Brass is an alloy made from copper & zinc. A 0.55 kg brass sample at 96.7 C is dropped into 2.19kg of water at 4.4C. If the equilibrium temp is 7.0C, what isthe specific heat of wter is 4186 j/kg C.
Answer in units of J/kg C
m₁ =0.55 kg,t₁ =96.7℃
c₂=4186 J/kg•℃, m₂=2.19 kg, t₂=4.4℃
t= 7℃
Q₁=c₁m₁(t₁-t)
Q₂=c₂m₂(t-t₂)
Q₁=Q₂ =>
c₁m₁(t₁-t) = c₂m₂(t-t₂)
Solve for c₁
To find the specific heat of brass, we need to make use of the principle of conservation of energy.
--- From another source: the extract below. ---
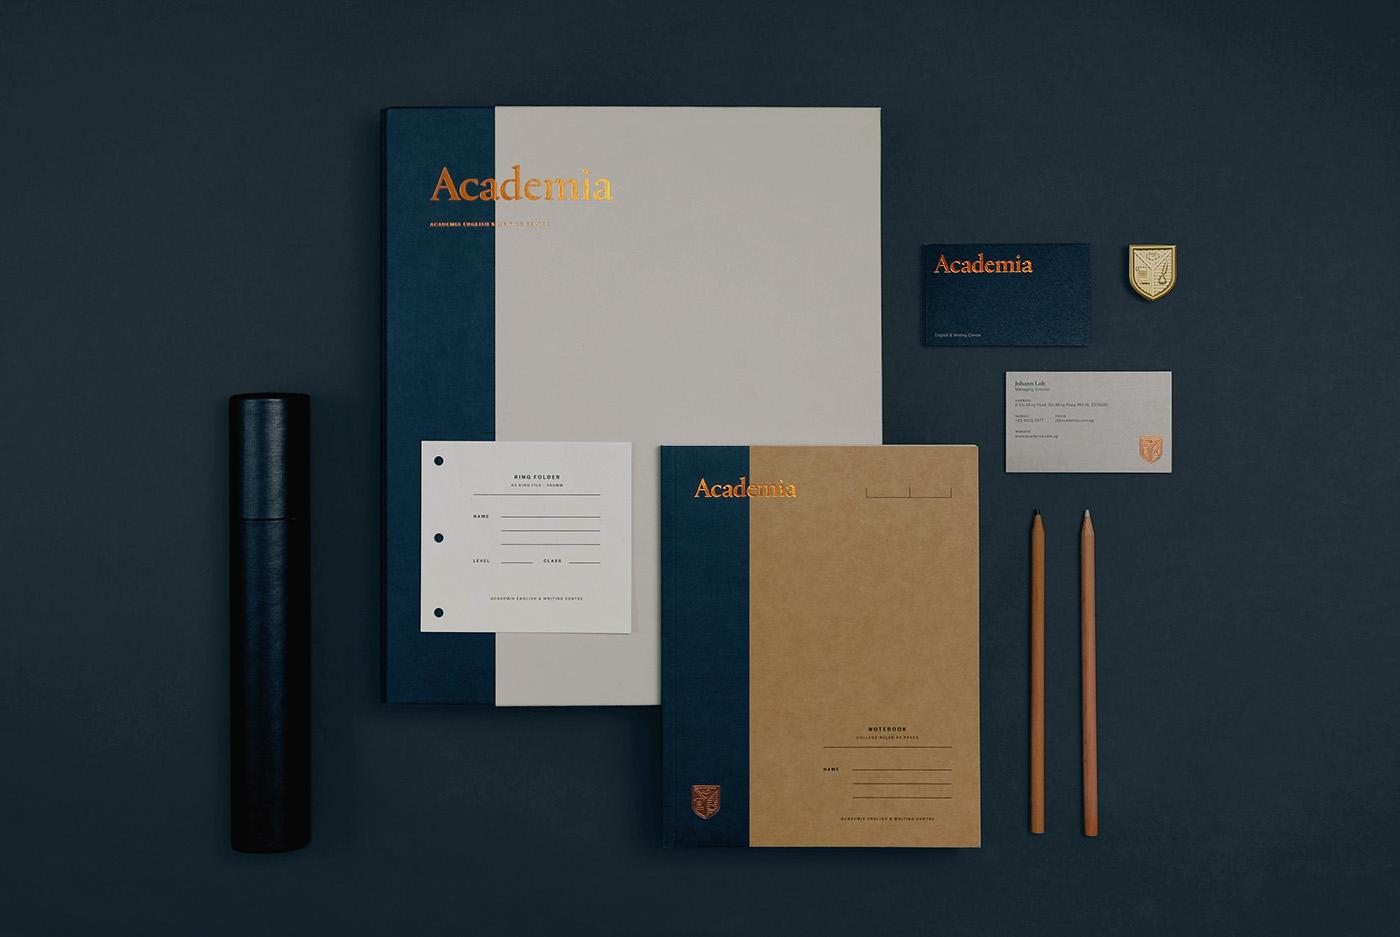 Classic prestige Education institution minimalist
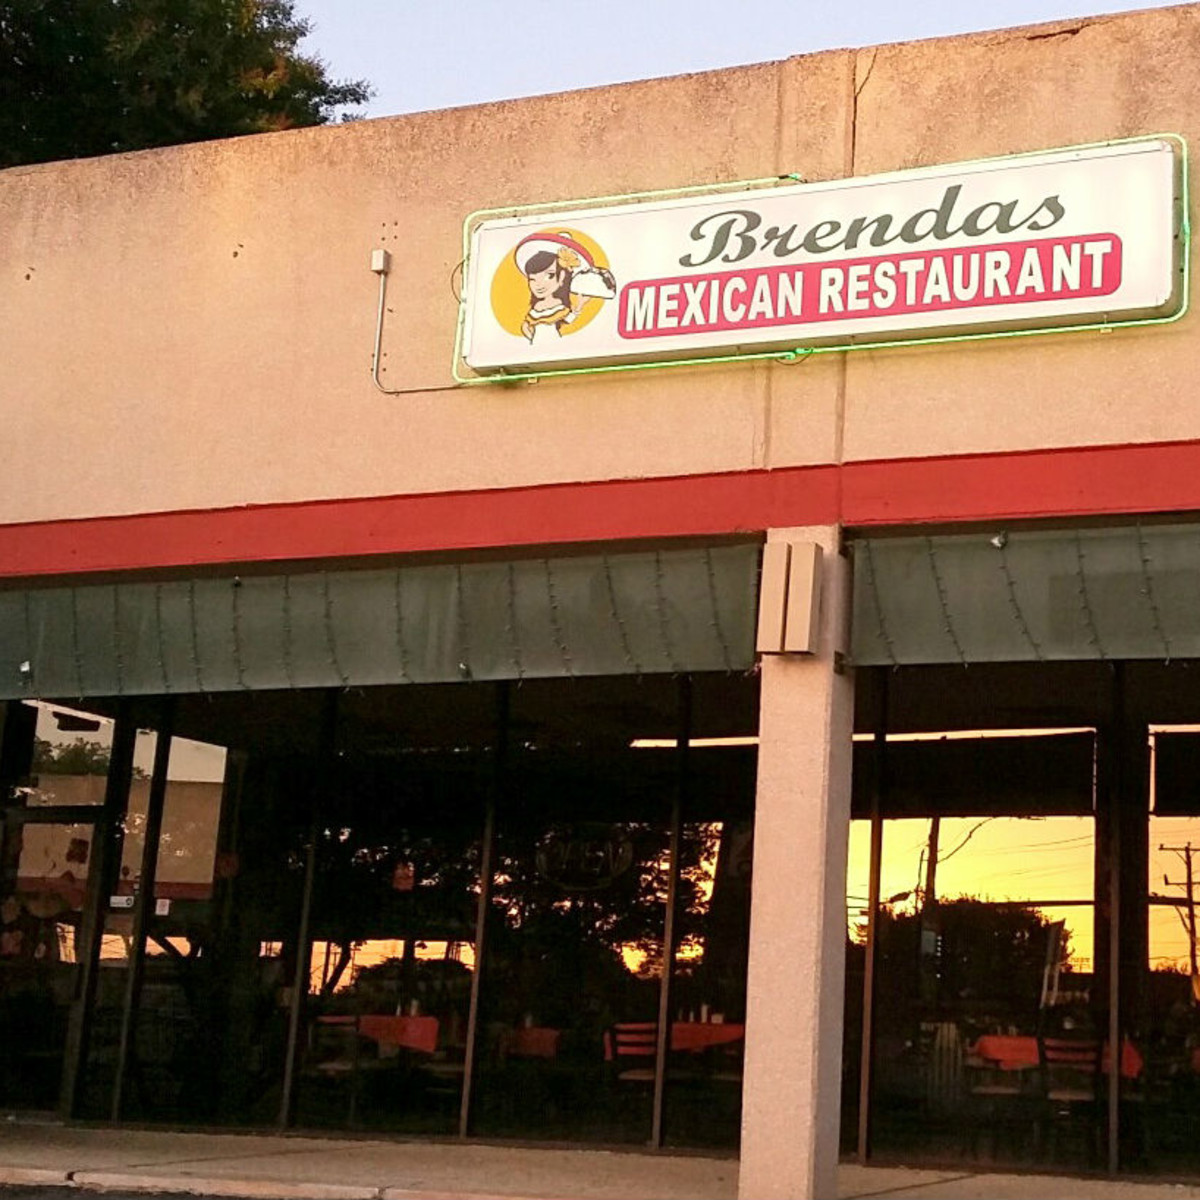 Brenda's Mexican Restaurant

Specific heat is defined as the amount of heat required to raise the temperature of one kilogram of a substance by one degree Celsius.
In this case, we have a brass sample and water, and we know the initial temperatures of both substances, as well as the equilibrium temperature they reach.
The heat lost by the brass sample is equal to the heat gained by the water, according to the principle of conservation of energy.
The formula to calculate heat is Q = mcΔT, where Q is the heat transferred, m is the mass of the substance, c is the specific heat, and ΔT is the change in temperature.
Let's calculate the heat lost by the brass sample and the heat gained by the water separately, and then equate them to find the specific heat of brass.
Heat lost by the brass = Q1 = m1 * c1 * ΔT1
Heat gained by the water = Q2 = m2 * c2 * ΔT2
Where:
m1 = mass of the brass sample = 0.55 kg
c1 = specific heat of brass (to be determined)
ΔT1 = change in temperature of the brass = equilibrium temperature - initial temperature of the brass = 7.0°C - 96.7°C = -89.7°C
m2 = mass of water = 2.19 kg
c2 = specific heat of water = 4186 J/kg°C
ΔT2 = change in temperature of the water = equilibrium temperature - initial temperature of the water = 7.0°C - 4.4°C = 2.6°C
Now, we have the following equations:
Q1 = m1 * c1 * ΔT1
Q2 = m2 * c2 * ΔT2
Since the heat lost by the brass sample (Q1) is equal to the heat gained by the water (Q2), we can equate the equations:
m1 * c1 * ΔT1 = m2 * c2 * ΔT2
Plugging in the given values:
0.55 kg * c1 * (-89.7°C) = 2.19 kg * 4186 J/kg°C * 2.6°C
Dividing both sides of the equation by (-89.7°C) and rearranging:
c1 = (2.19 kg * 4186 J/kg°C * 2.6°C) / (0.55 kg * (-89.7°C))
c1 = 9800 J/kg°C
Therefore, the specific heat of brass is 9800 J/kg°C.